◆ **DESCRIPTION OF THE TASK**: Print every line below exactly as written, but leave the pictures behind.

◆ **COLLECTED DATA**:
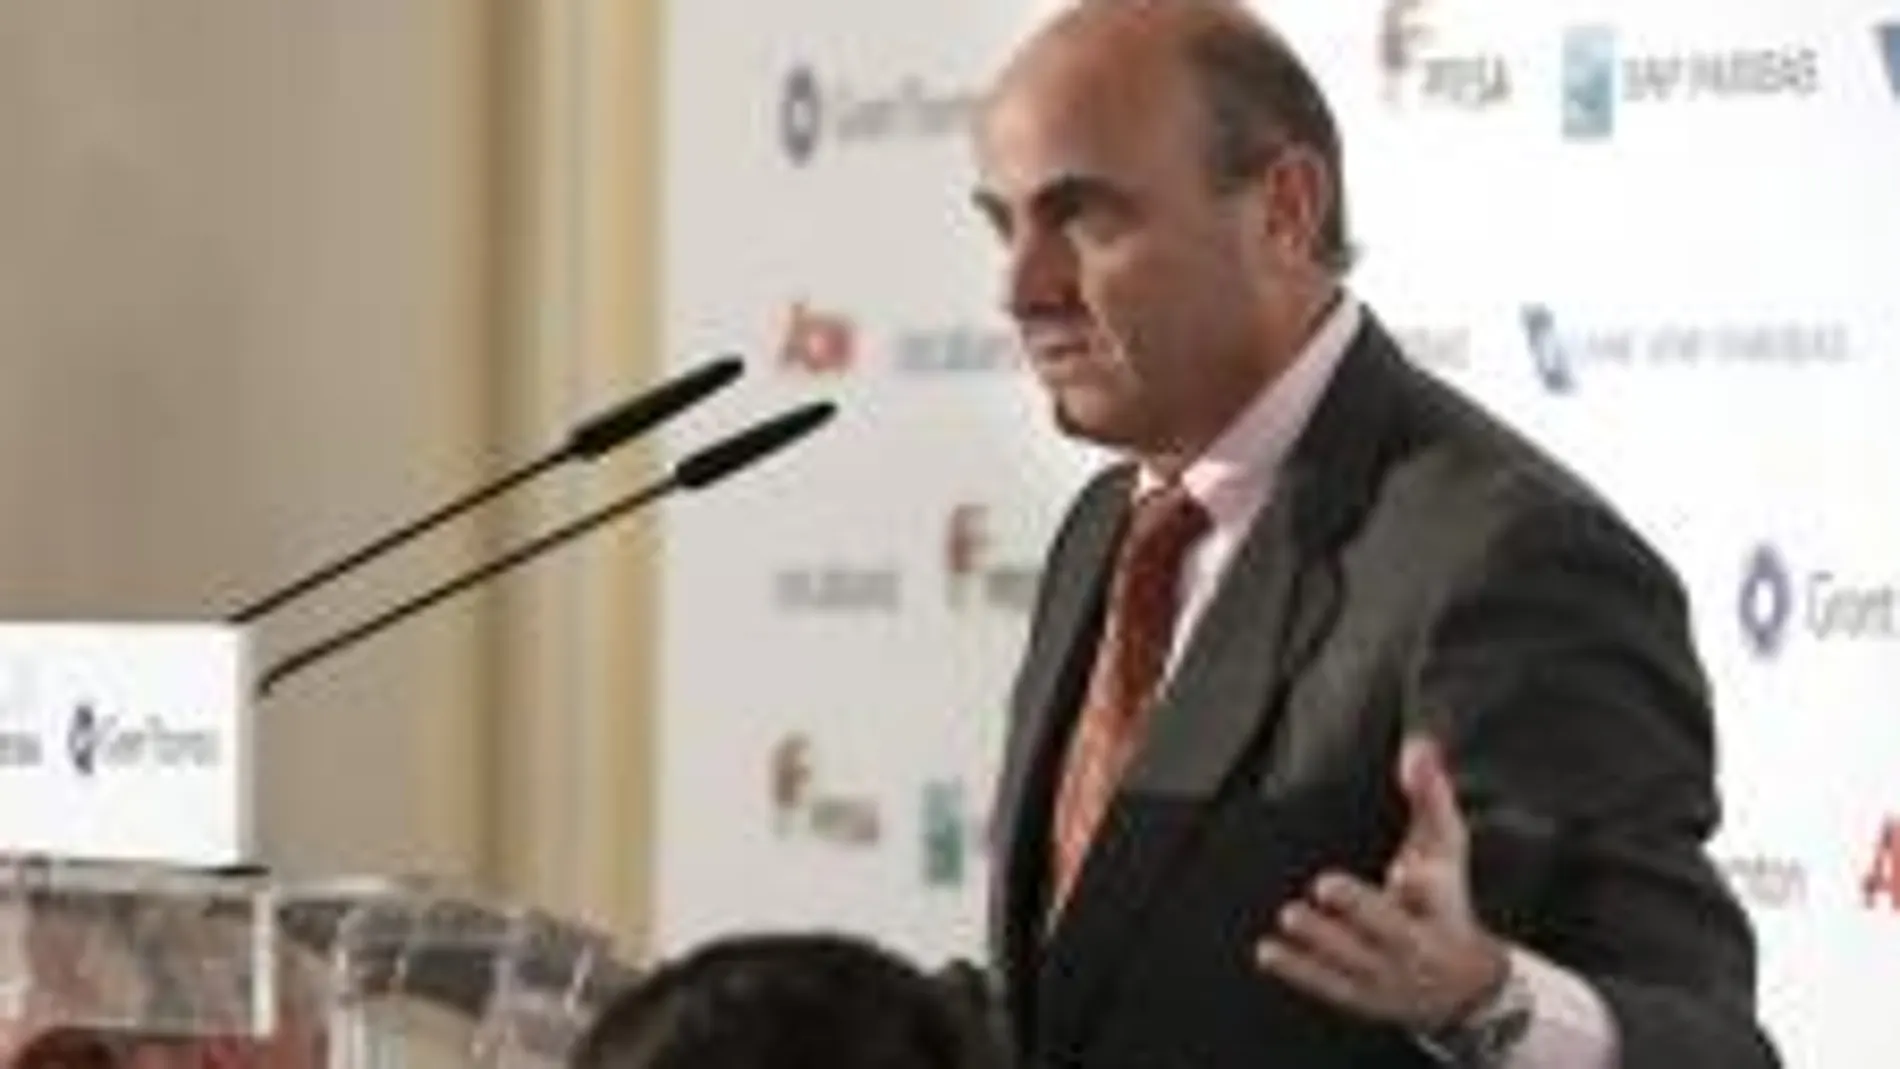 Luis de Guindos, ministro de Economía
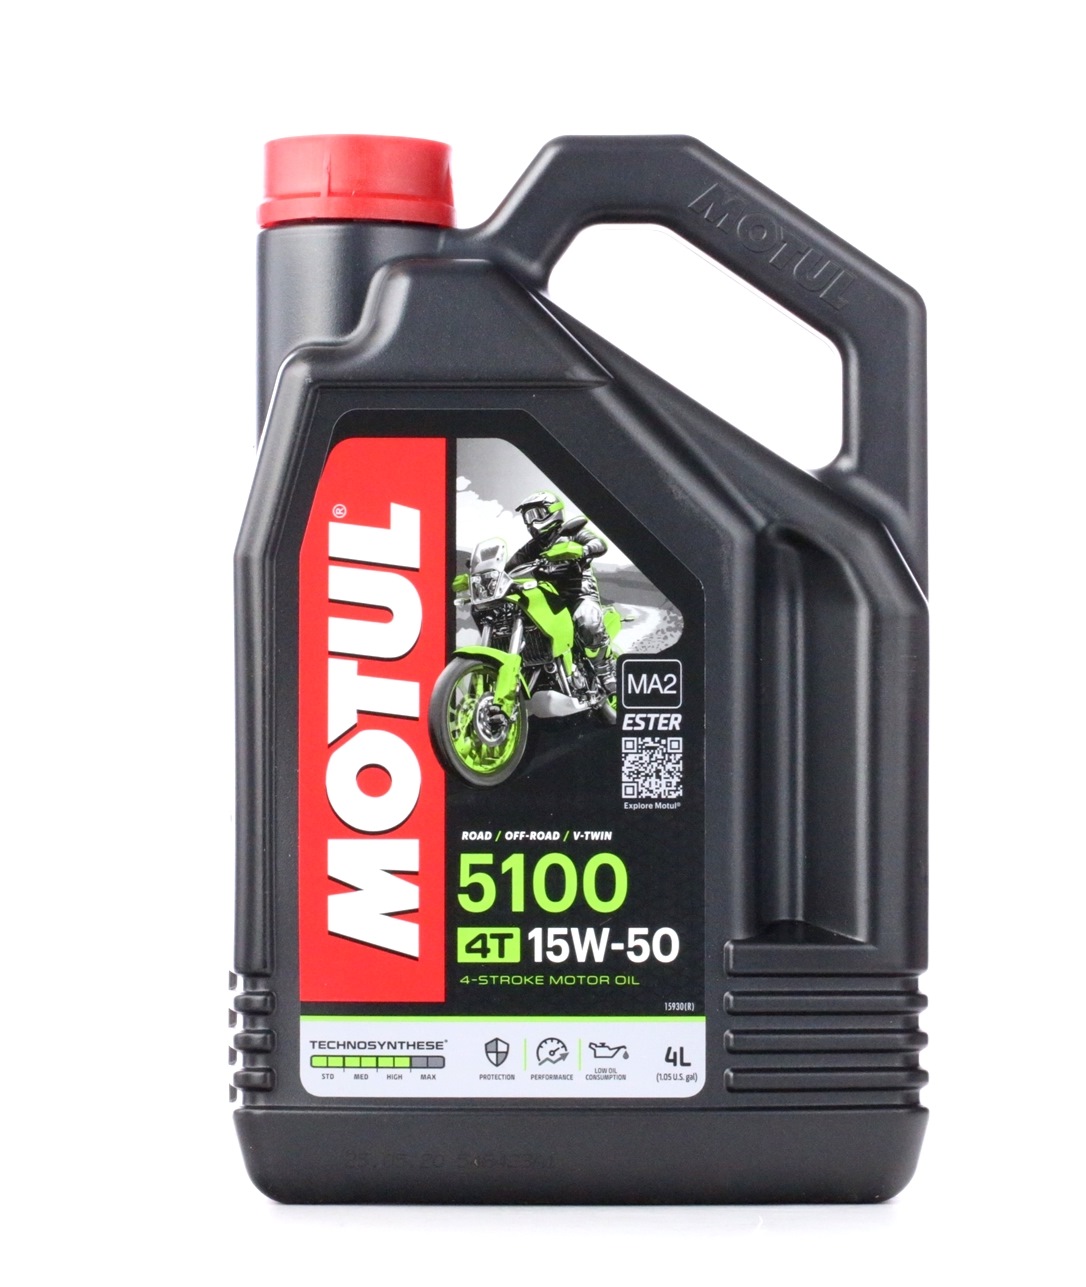 Motoröl API SG MOTUL günstig - 104083 4T
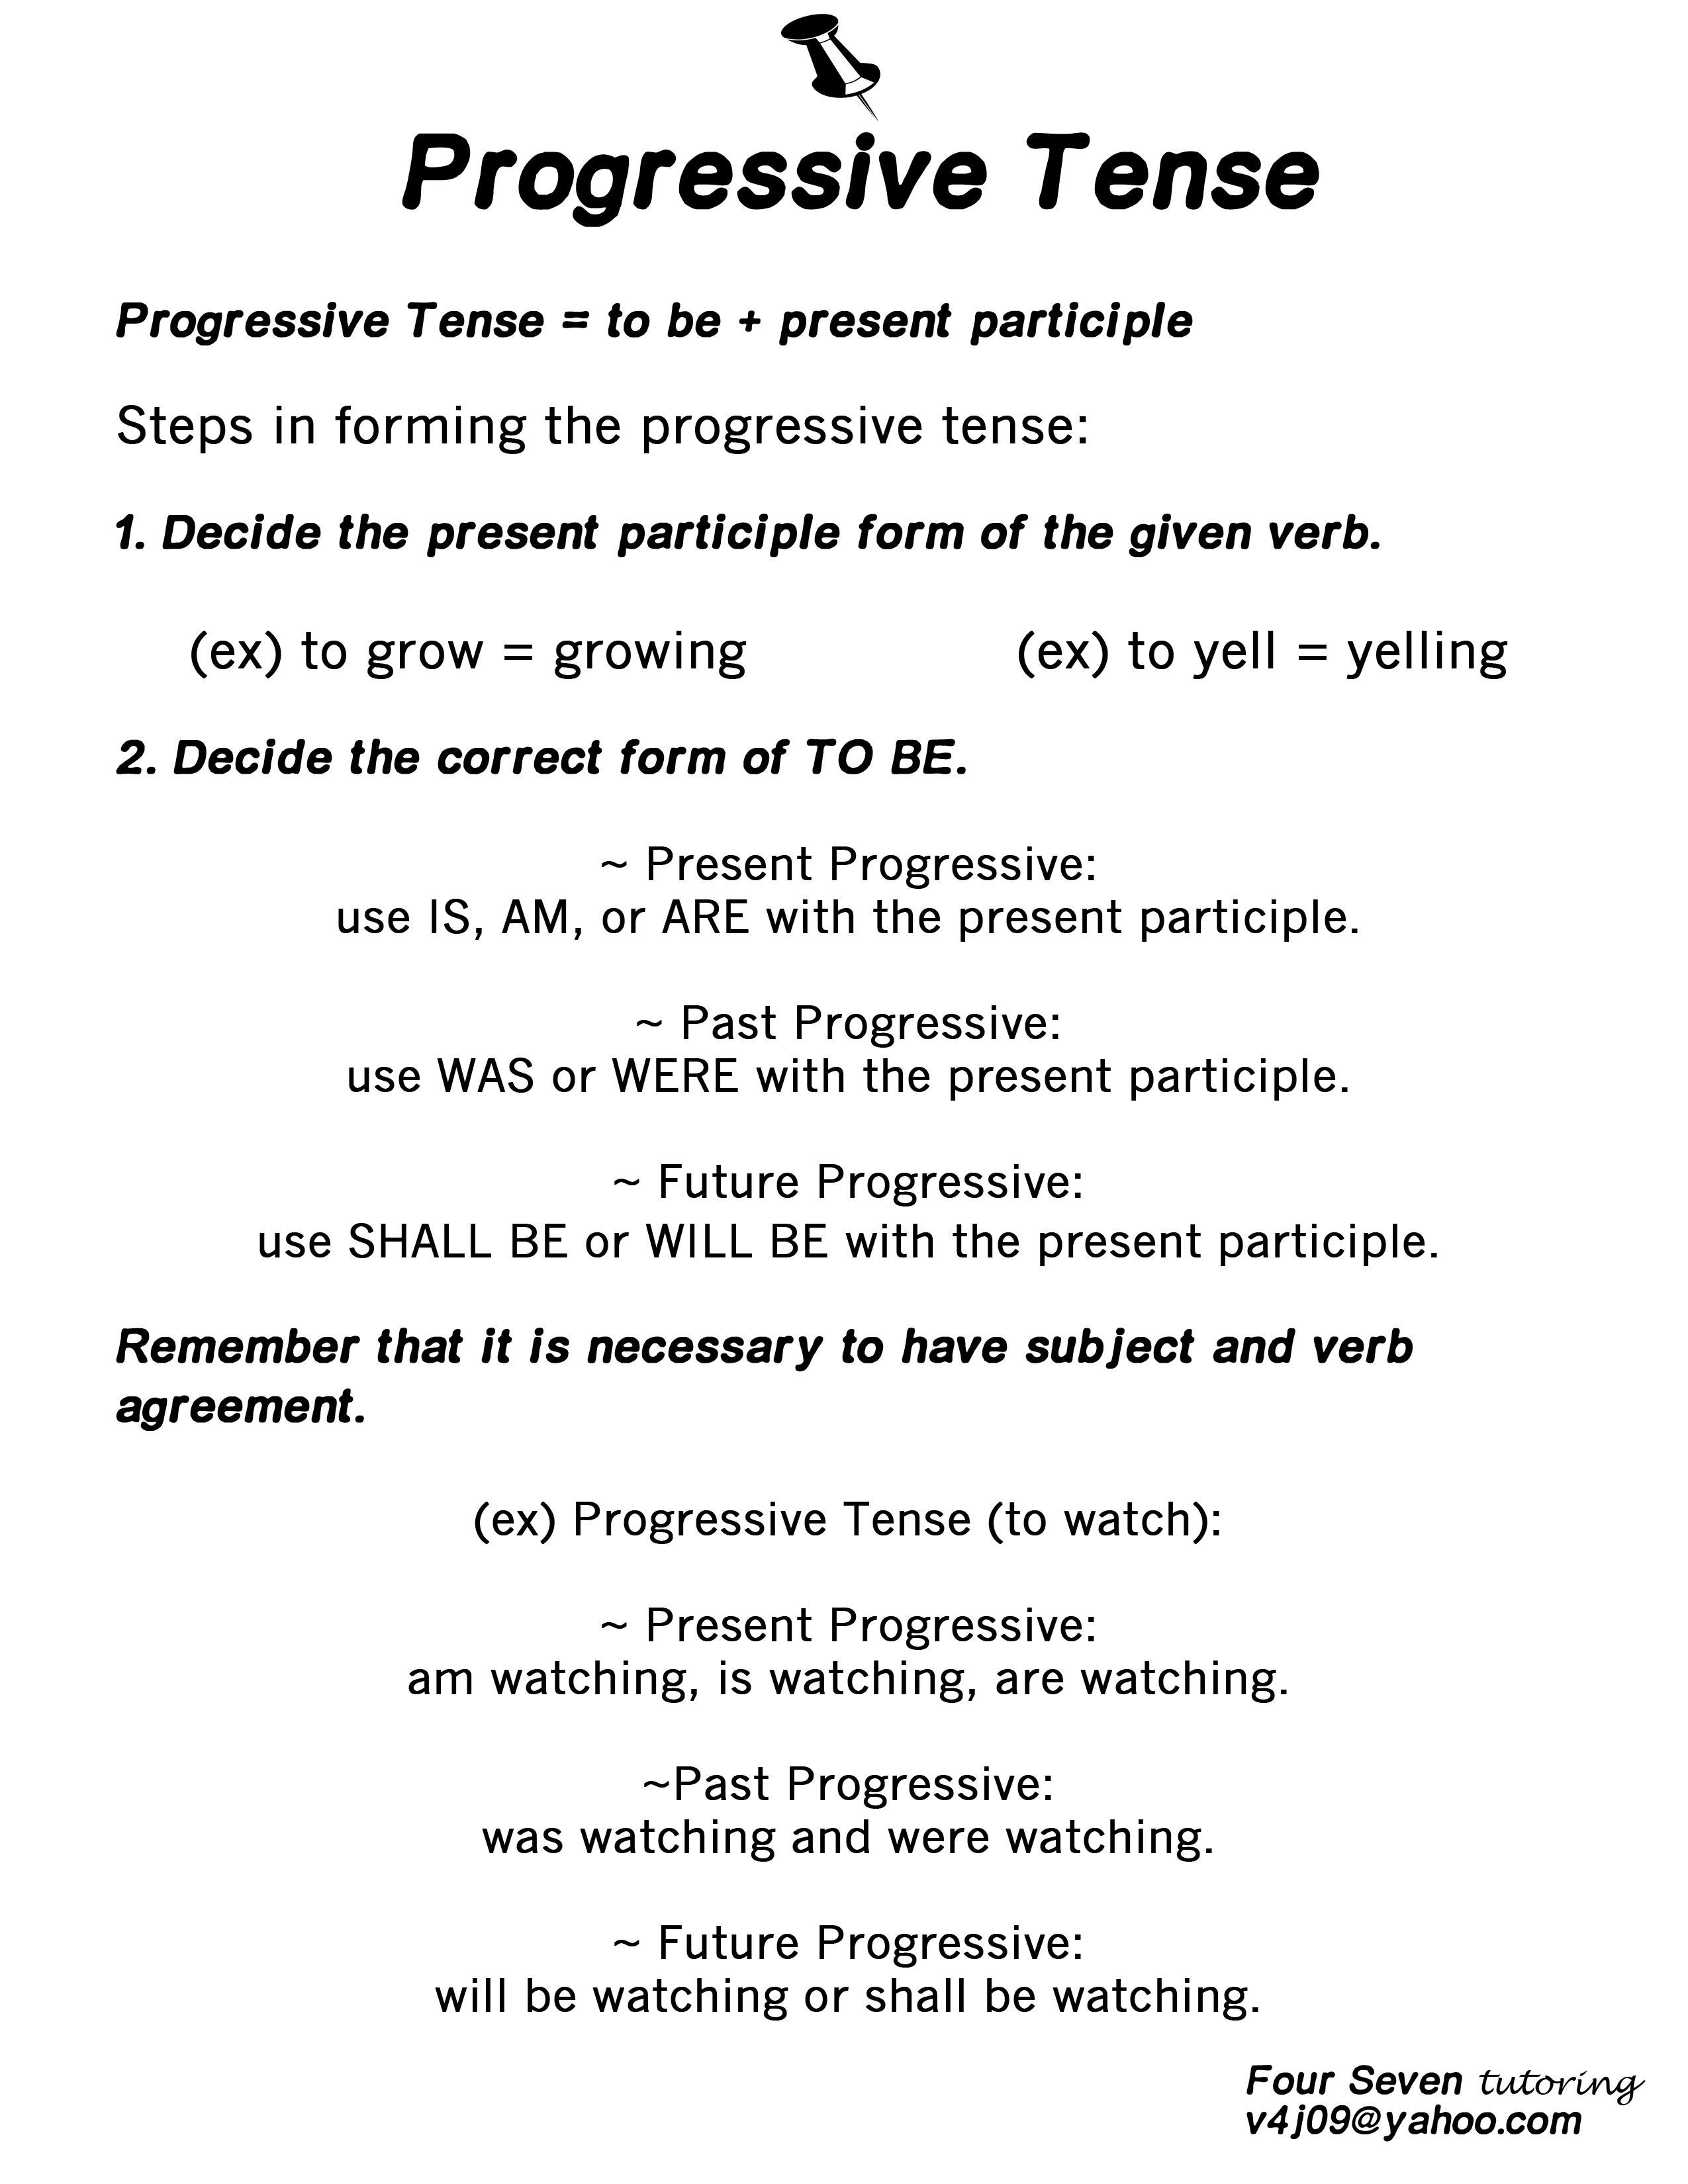 progressive-tense-resource-four-seven

◆ **EXERCISE ANSWER**:
 Luis de Guindos, ministro de Economía
 Motoröl API SG MOTUL günstig - 104083 4T
 progressive-tense-resource-four-seven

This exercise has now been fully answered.